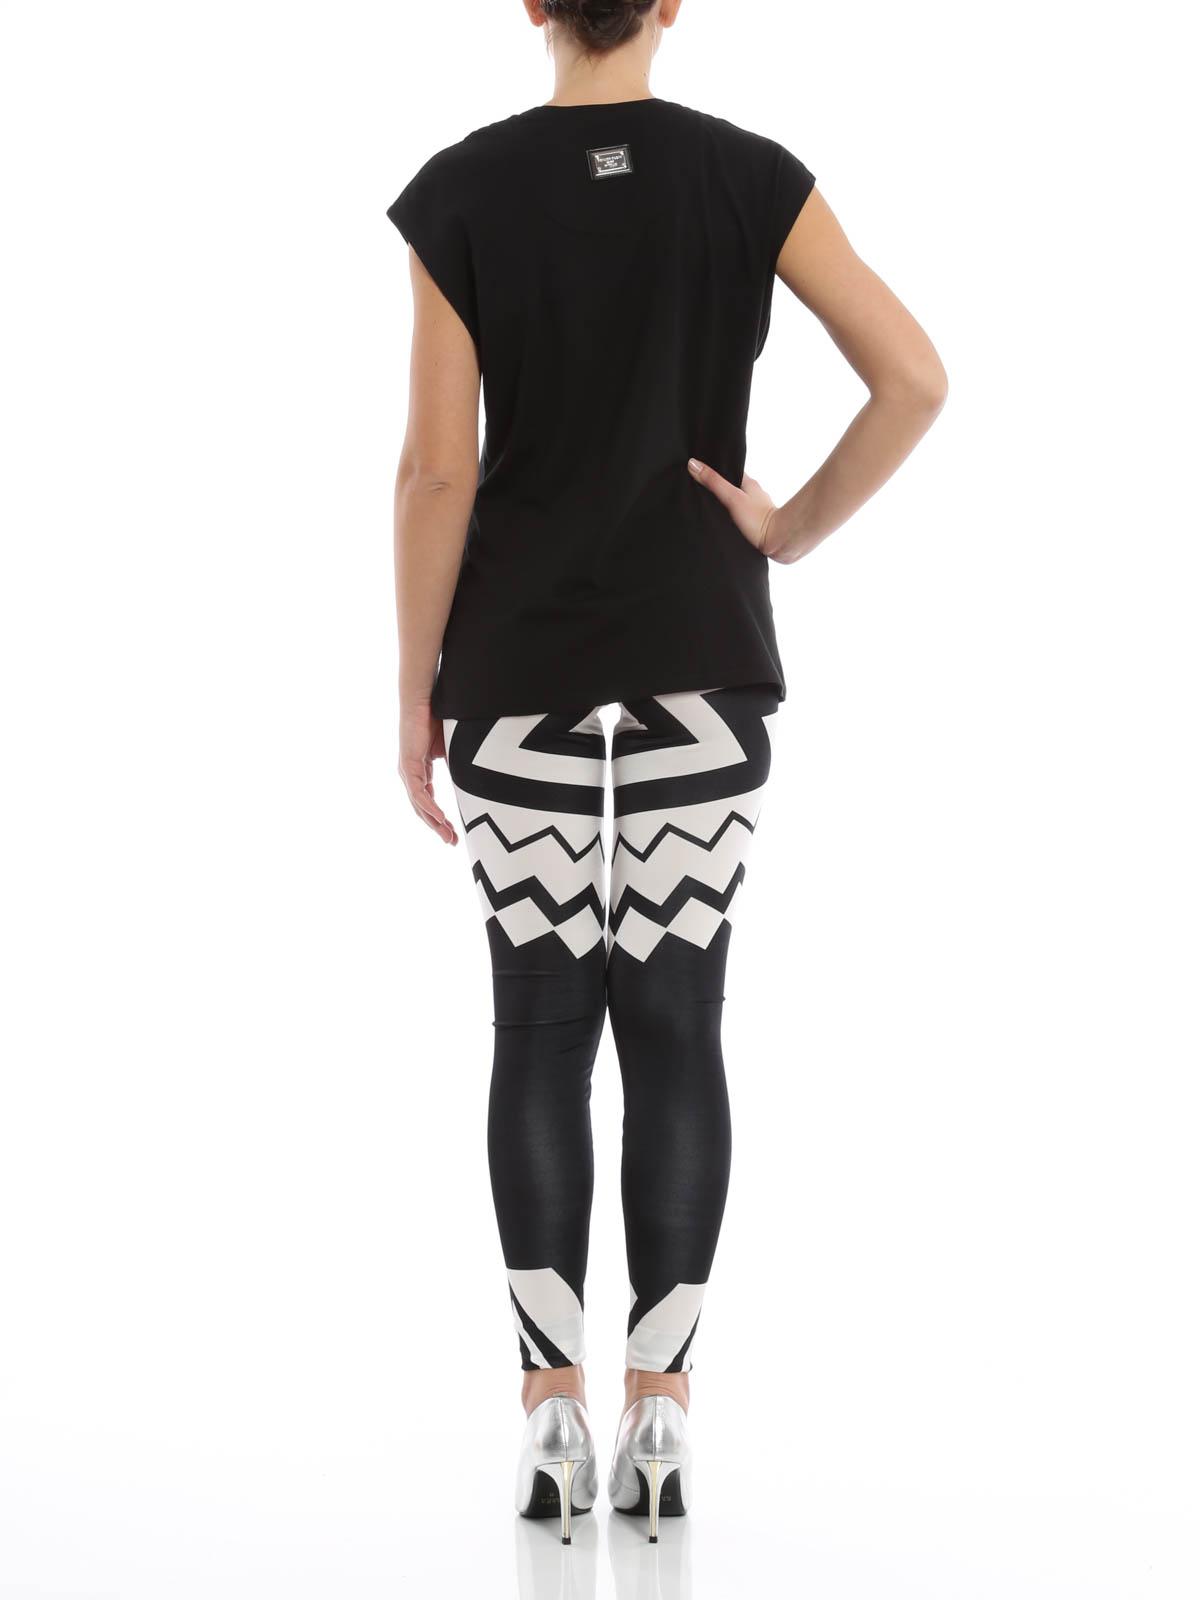 t shirt brooklyn in cotone philipp plein t shirt ikrix shop online cw345007 02. Black Bedroom Furniture Sets. Home Design Ideas
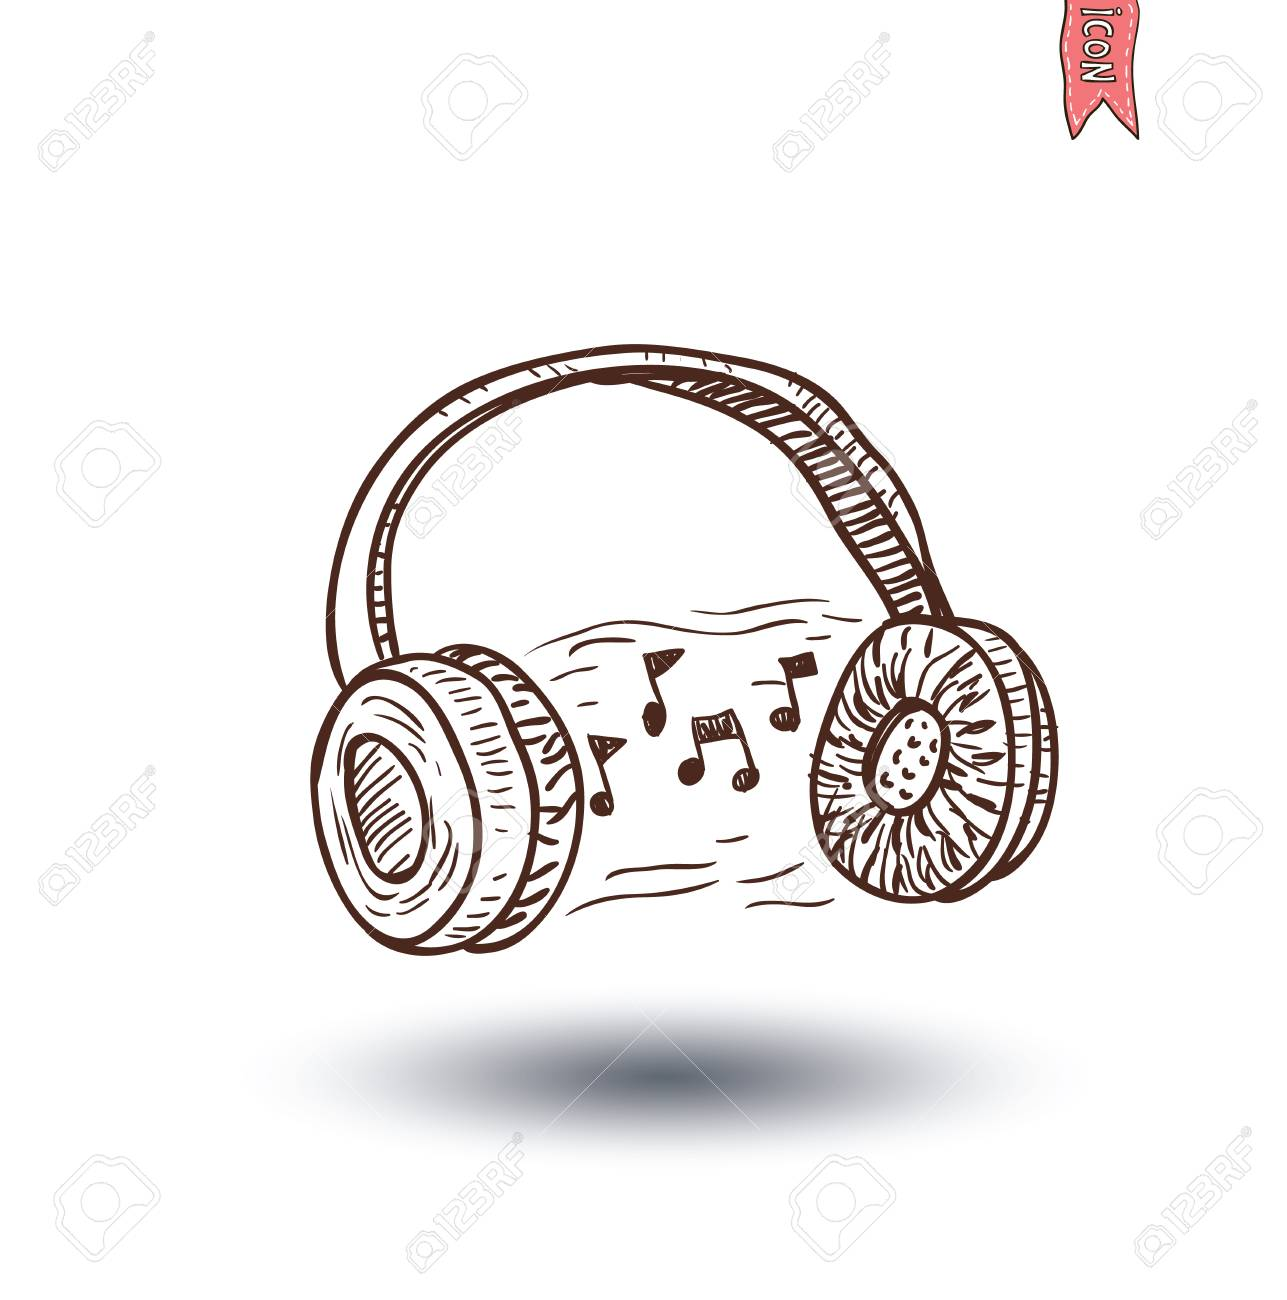 1287x1300 Headphone And Beats, Hand Drawn Illustration. Royalty Free
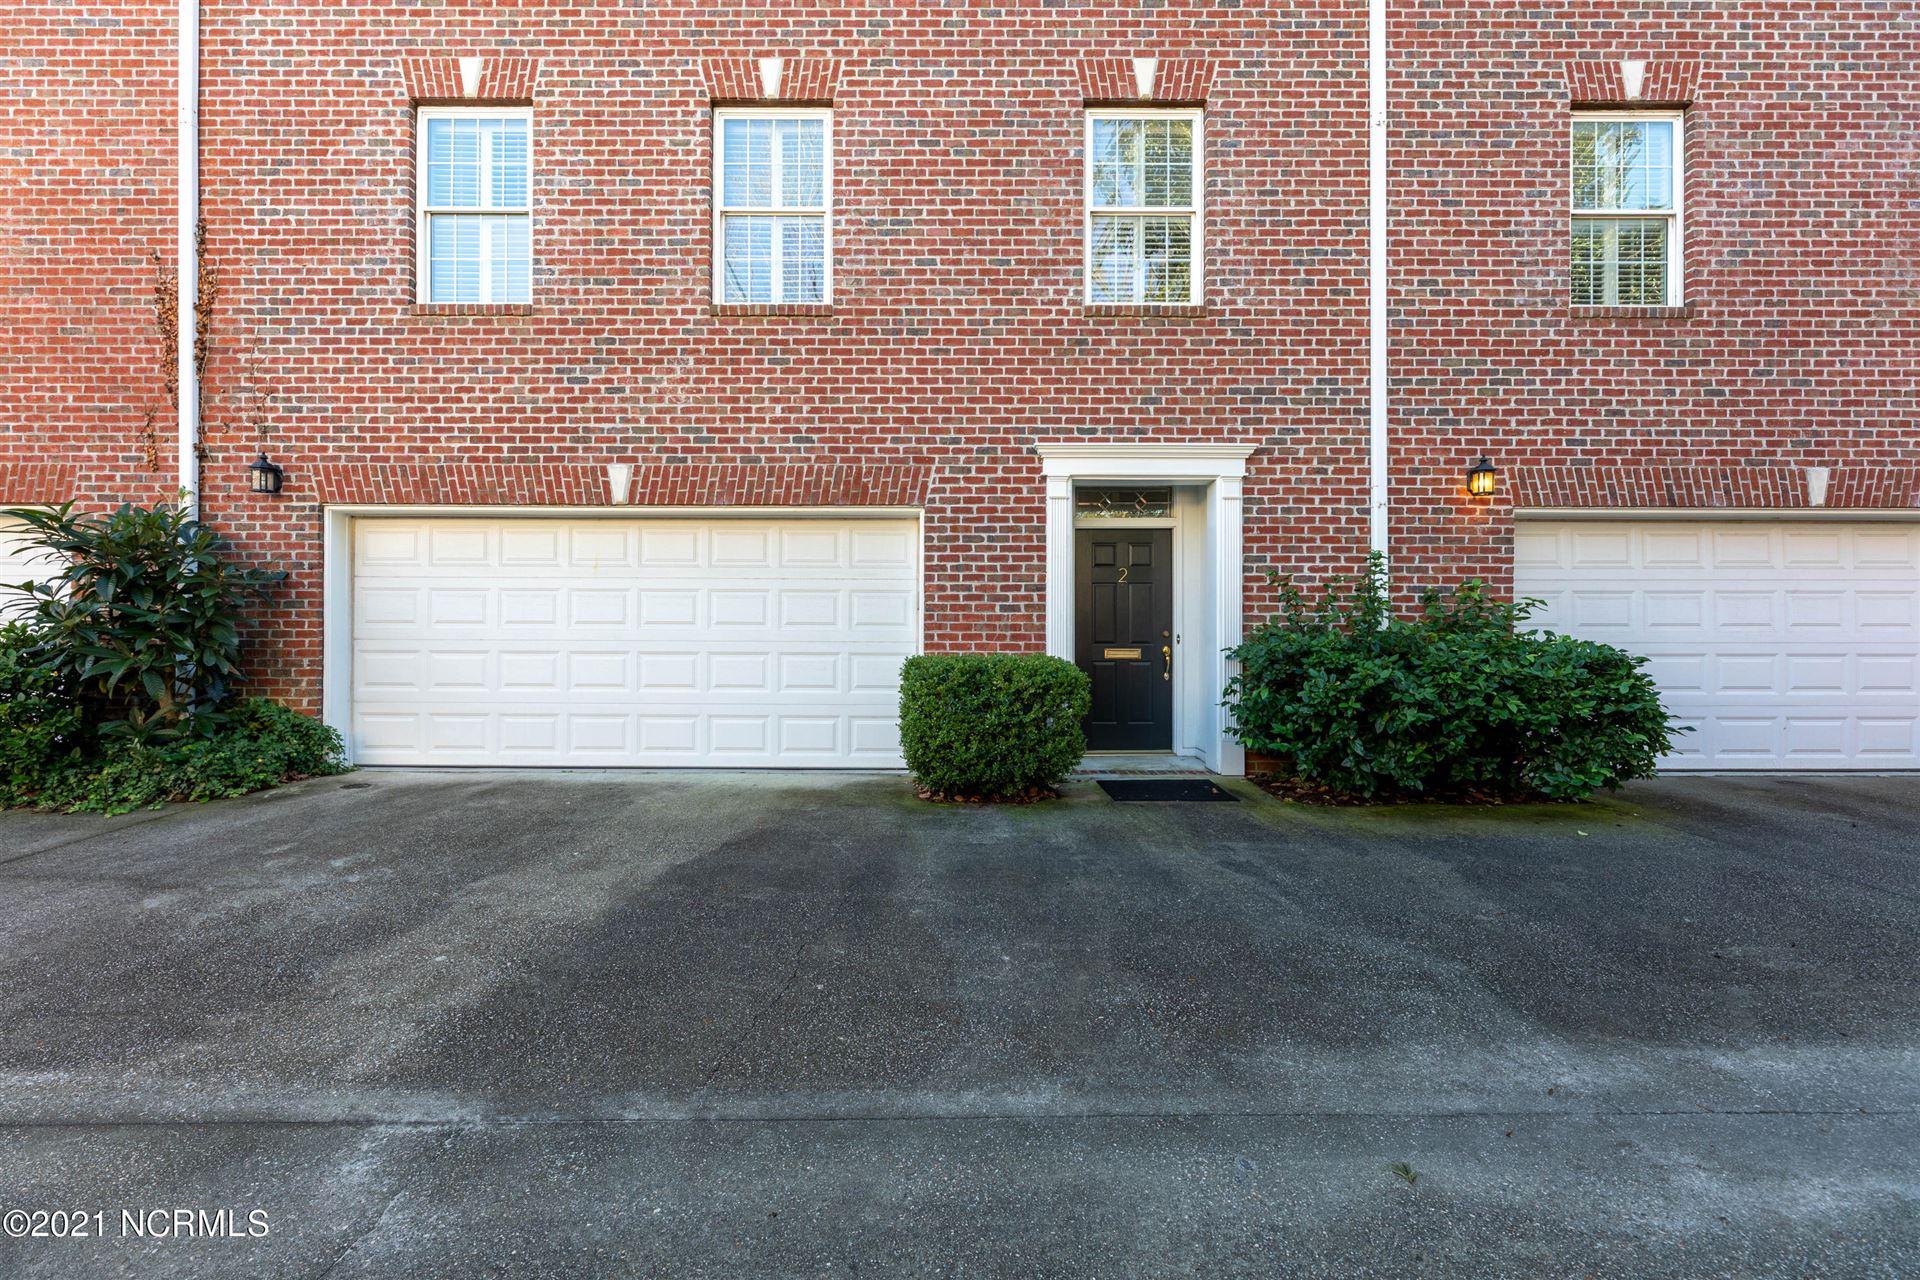 Photo of 622 S 2nd Street #Unit 2, Wilmington, NC 28401 (MLS # 100252387)

**Aim of the exercise:** For this exercise, retype exactly, and only, the lines from the line with "1287x1300 Headphone And" through the last line of the material above, both included. Pictures stay out.

**Answer box:**
 1287x1300 Headphone And Beats, Hand Drawn Illustration. Royalty Free
 Photo of 622 S 2nd Street #Unit 2, Wilmington, NC 28401 (MLS # 100252387)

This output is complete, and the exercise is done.